• _Problem description_:
Below is a listing; write it out exactly and drop any images from it.

• _Source data_:
□ □ □ □ □ □ □

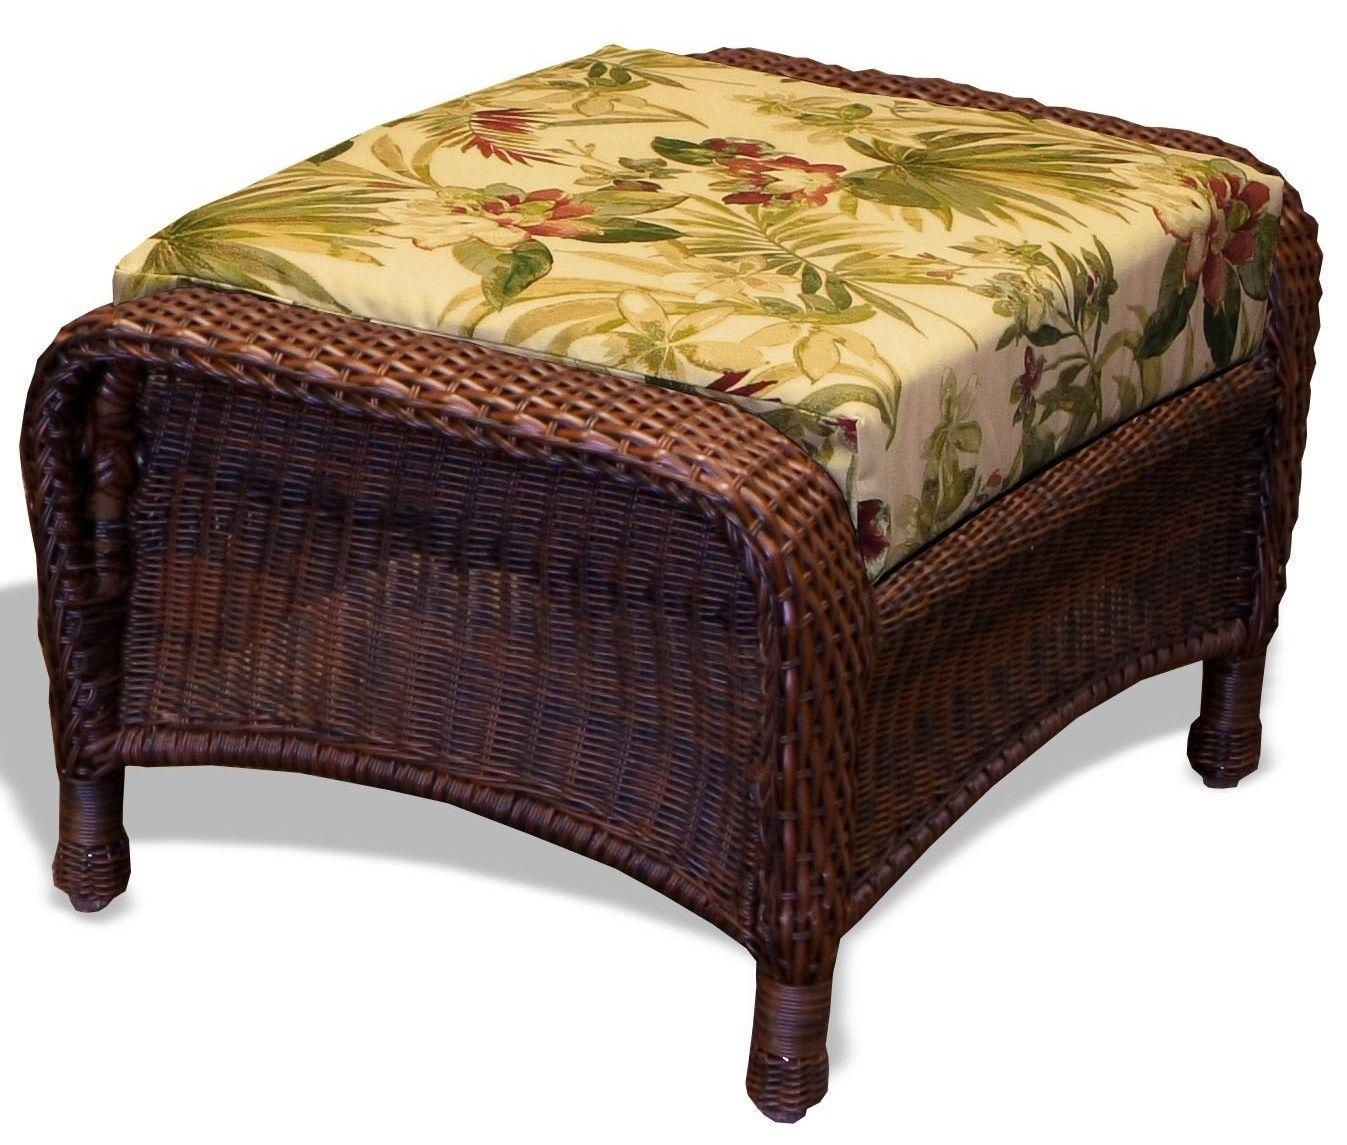 #129 - Outdoor Patio Garden Furniture Java Resin Wicker Ottoman Isadora Parchment
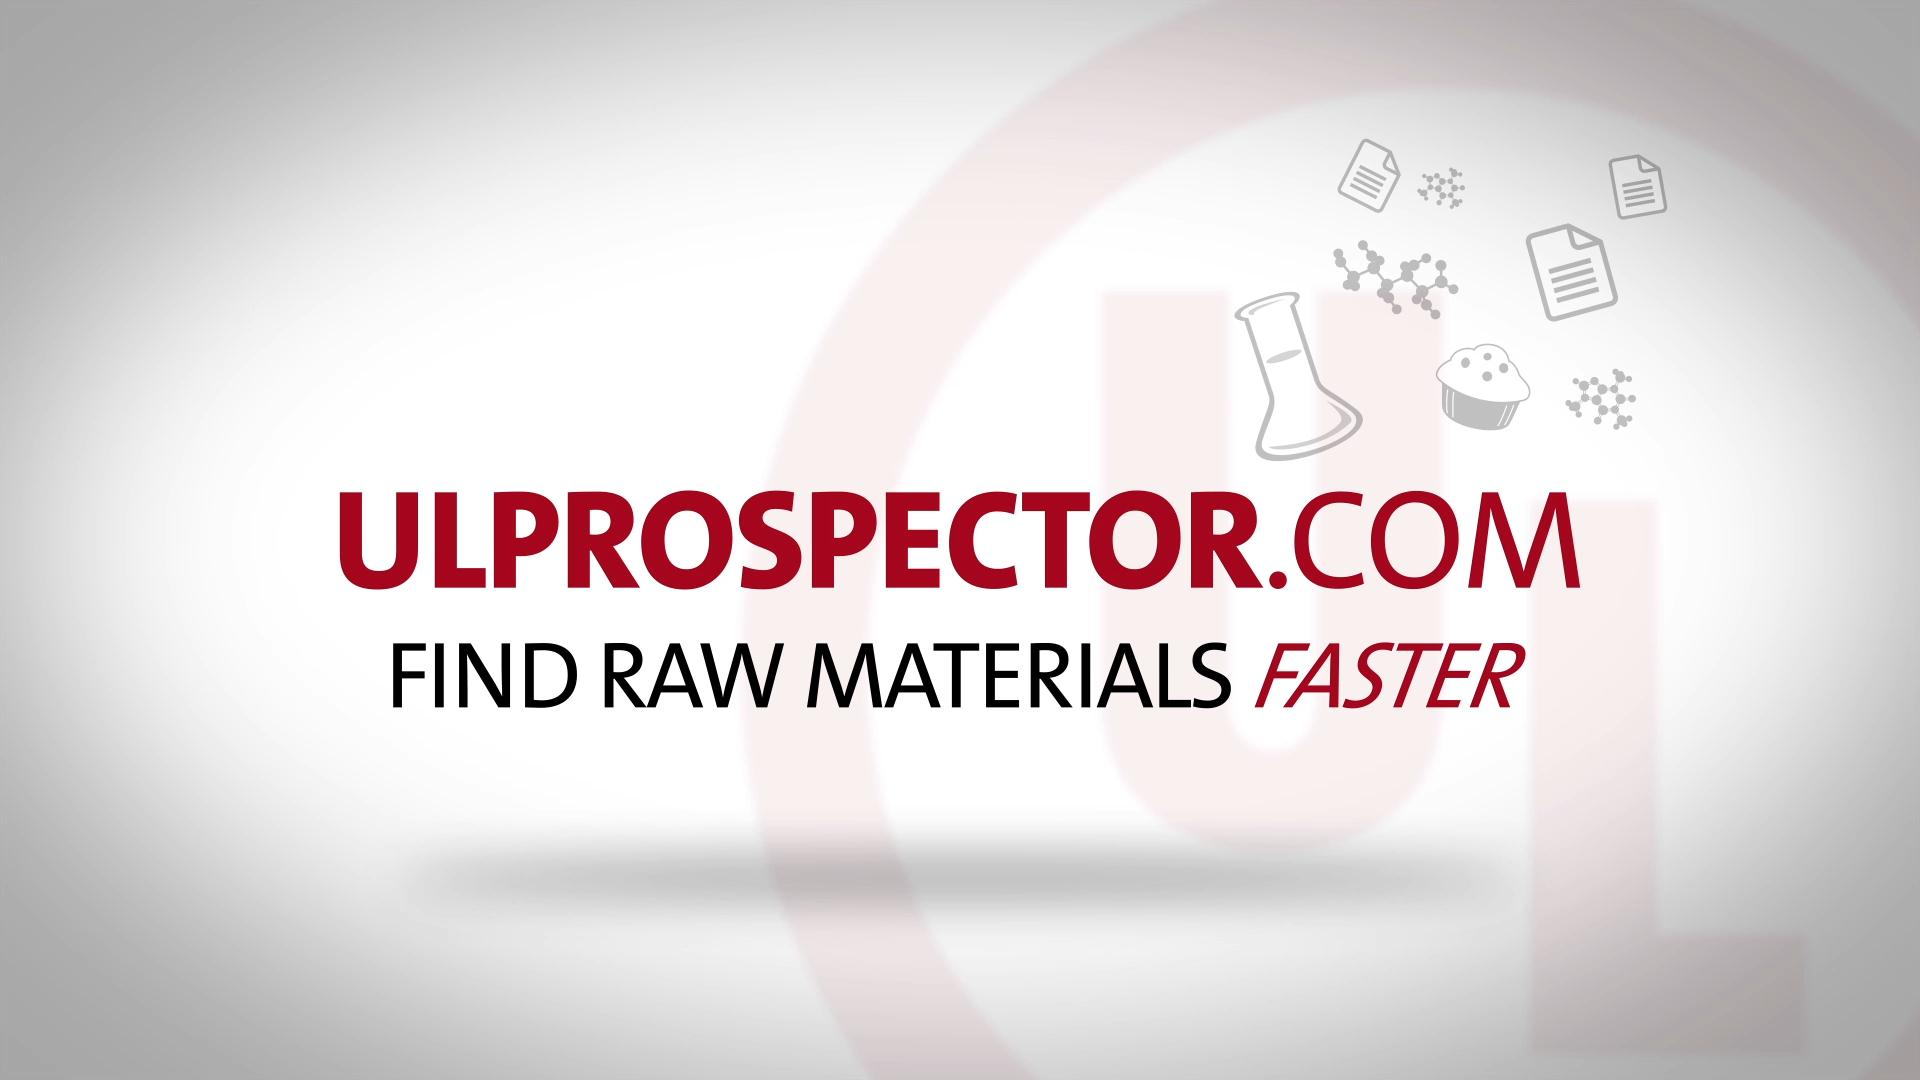 UL Prospector
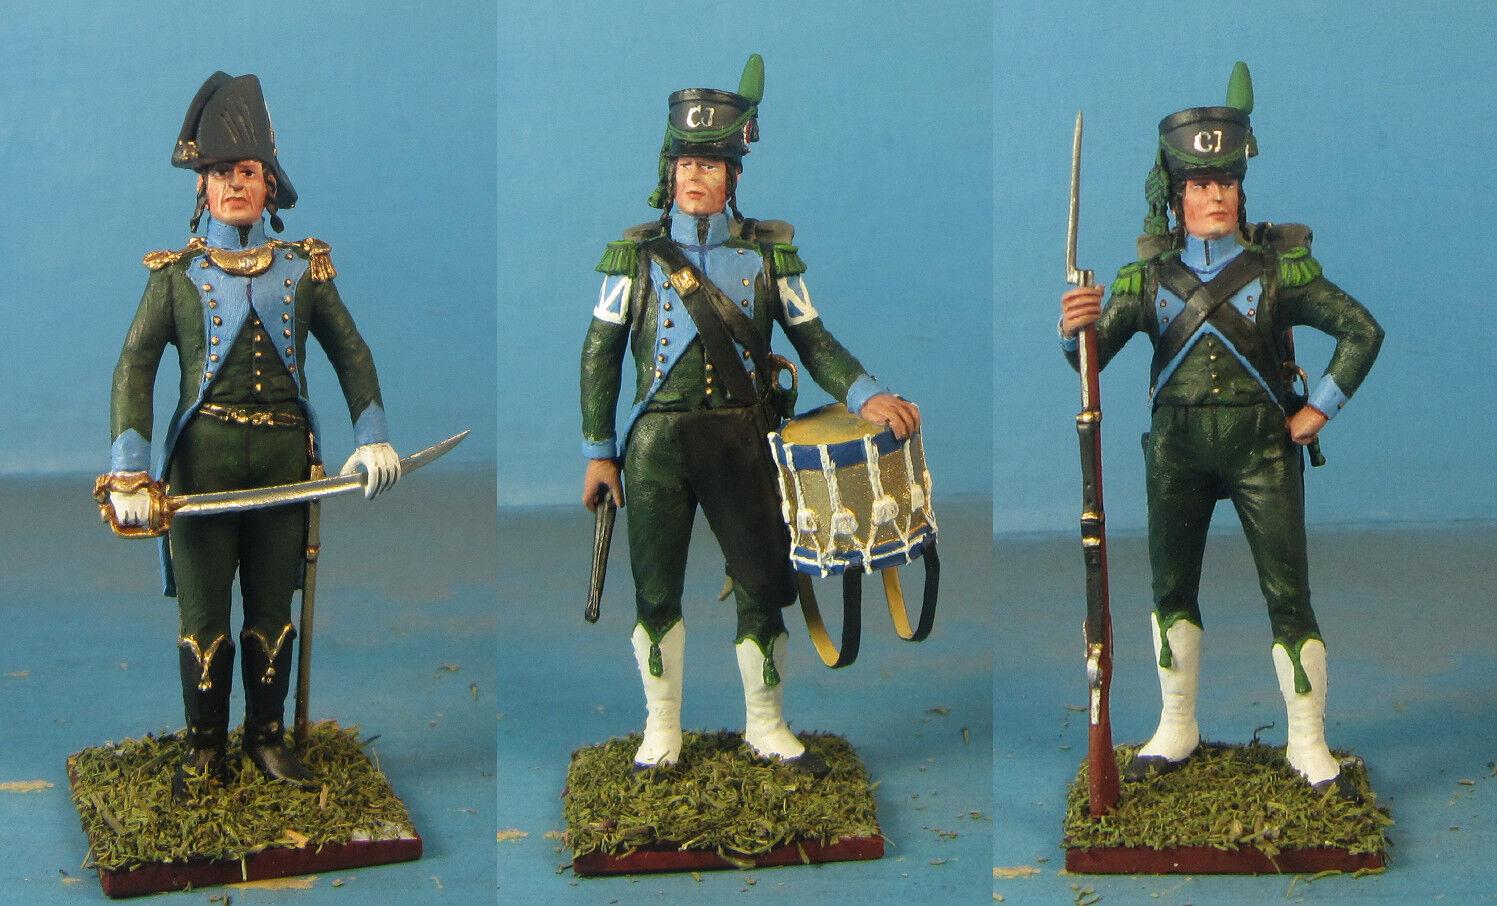 Napoleonic Wars — Holland Israelite corps — 60mm High quality Metal Figure

□ □ □ □ □ □ □

• _Reply to the exercise_:
 #129 - Outdoor Patio Garden Furniture Java Resin Wicker Ottoman Isadora Parchment
 UL Prospector
 Napoleonic Wars — Holland Israelite corps — 60mm High quality Metal Figure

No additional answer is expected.